Reed’s discovery would, in time, open “a new chapter in the history of vast regions of the tropics,” as Bruce put it. By controlling the mosquitoes’ breeding places, yellow fever was subsequently swept from the island of Cuba. In like manner, the Panama Canal Zone was later freed from the ravages of the death-dealing insect.
For his work, Reed was enthusiastically acclaimed throughout the scientific world. He now became the peer of Crawford Long, who had discovered anesthetics; Joseph Lister, who had first used antiseptics; and Edward Jenner, “the father of immunology,” the man who had pioneered the concept of vaccination.
In February 1901, Reed came back to Washington and returned to the classroom. He taught pathology and bacteriology at the Army Medical School as well as at the Columbian University Medical School. “He was a favorite with his students,” wrote biographer Ralph Nading Hill, “for he conveyed an enthusiasm for his subject that is the mark of great teachers.”
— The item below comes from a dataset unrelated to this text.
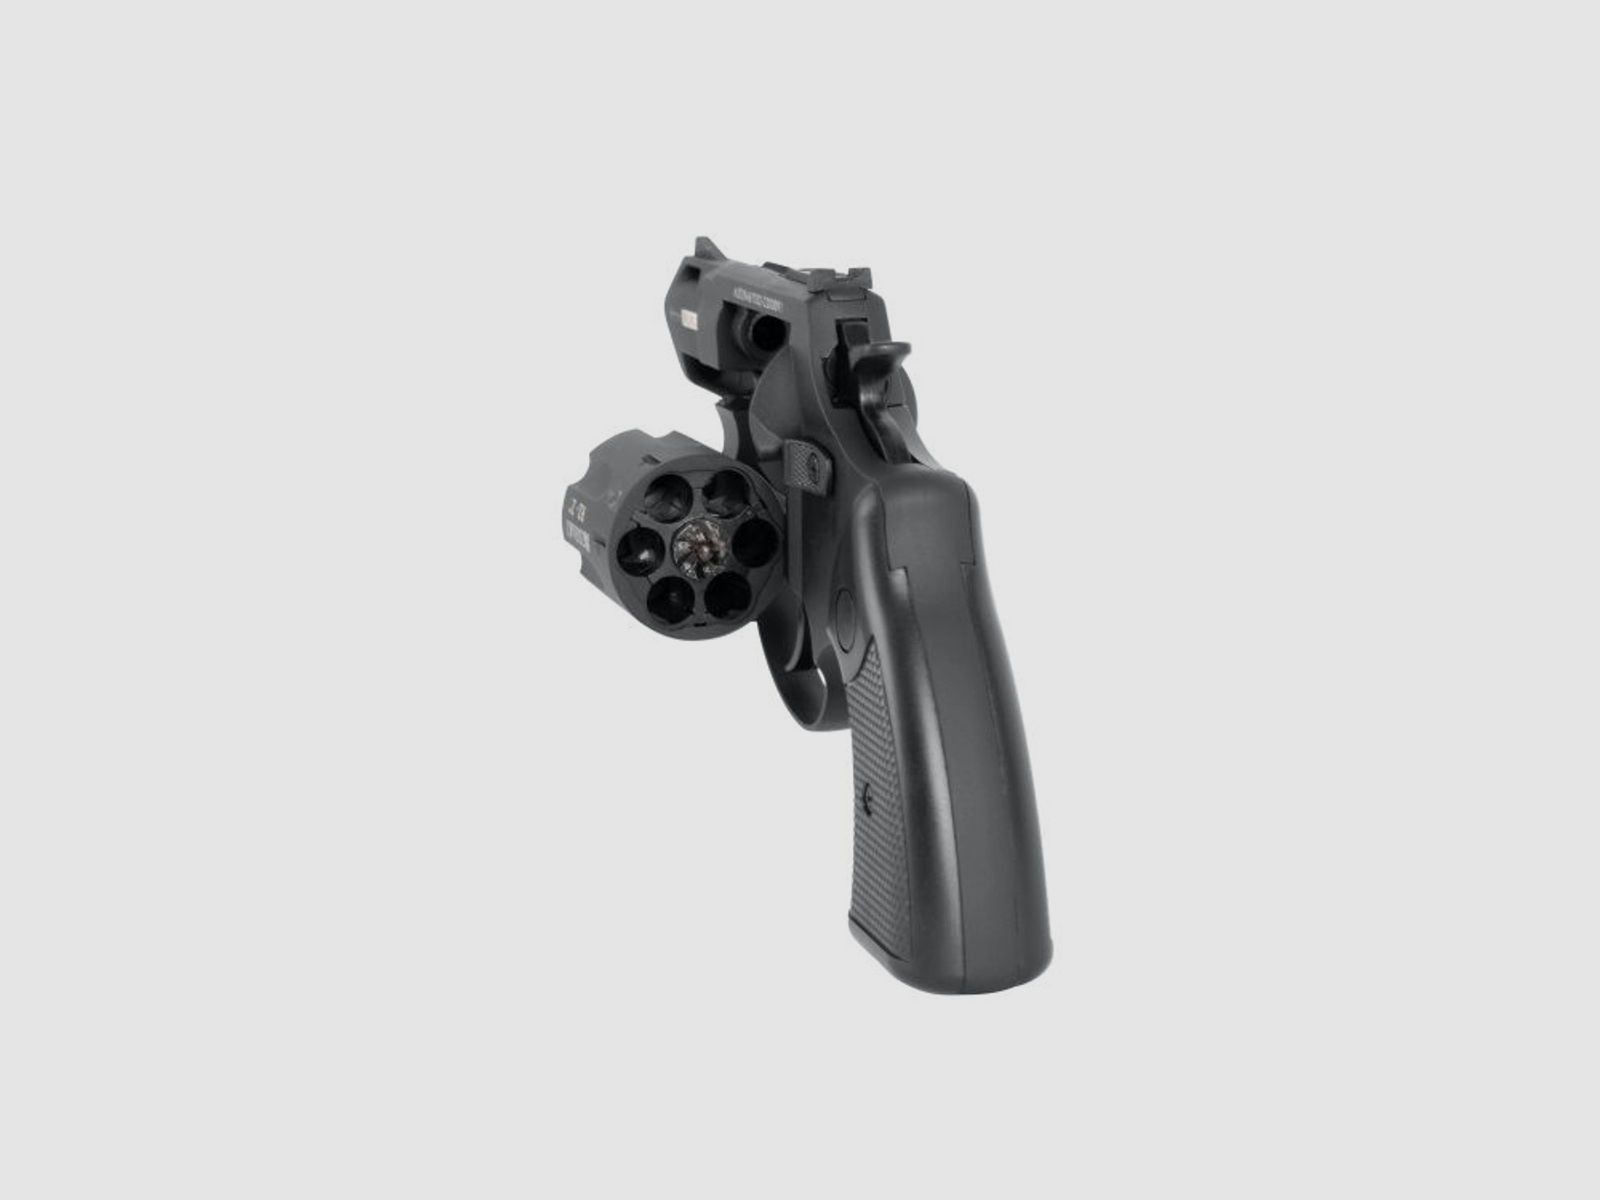 Zoraki	 R2 2" Schreckschuss Revolver 9mm R. - Gas Signal

In the summer of 1902, Reed was awarded two honorary degrees: a doctor of law from the University of Michigan and a master of arts from Harvard University. The following November, Reed was made librarian of the surgeon general’s library. “Mental exertion, however,” wrote biographer L. N. Wood, “was becoming strangely painful to the alert mind that had always before approached it so buoyantly.” He continued to push himself, until finally, unable to conceal his waning strength from his wife, he consulted his doctor. It was already too late. On November 13 physicians diagnosed appendicitis. He underwent an appendectomy, but peritonitis had already set in. Reed died on November 23, 1902, and was buried at Arlington National Cemetery. He was only 51 years old.
After incorporating the mosquito-elimination measures recommended by Walter Reed’s Yellow Fever Commission, New Orleans—the American city that had lost the most citizens to Yellow Jack—suffered through only one more such epidemic in 1905. It was the last outbreak of yellow fever in the United States.
Named in his honor, Walter Reed General Hospital—founded in 1909 on 113 acres in the District of Columbia—was the U.S. Army’s premier medical facility for more than 100 years. During its time on the front line of medical service, it treated more than 150,000 active and retired military personnel. Its successor, Walter Reed Army Medical Center, operated from 1977 to 2011, when the Army dedicated Walter Reed National Military Medical Center, a massive hospital complex, on the grounds of the National Naval Medical Center in Bethesda, Maryland.
“When his great work was accomplished,” Mrs. Reed wrote after her husband’s death, “the happiness which filled his soul was entirely for the suffering he would spare humanity. He rejoiced that he had not lived in vain, and that God had seen fit to make him an instrument of good.” MHQ
Rick Britton, a historian and cartographer, lives in Charlottesville, Virginia.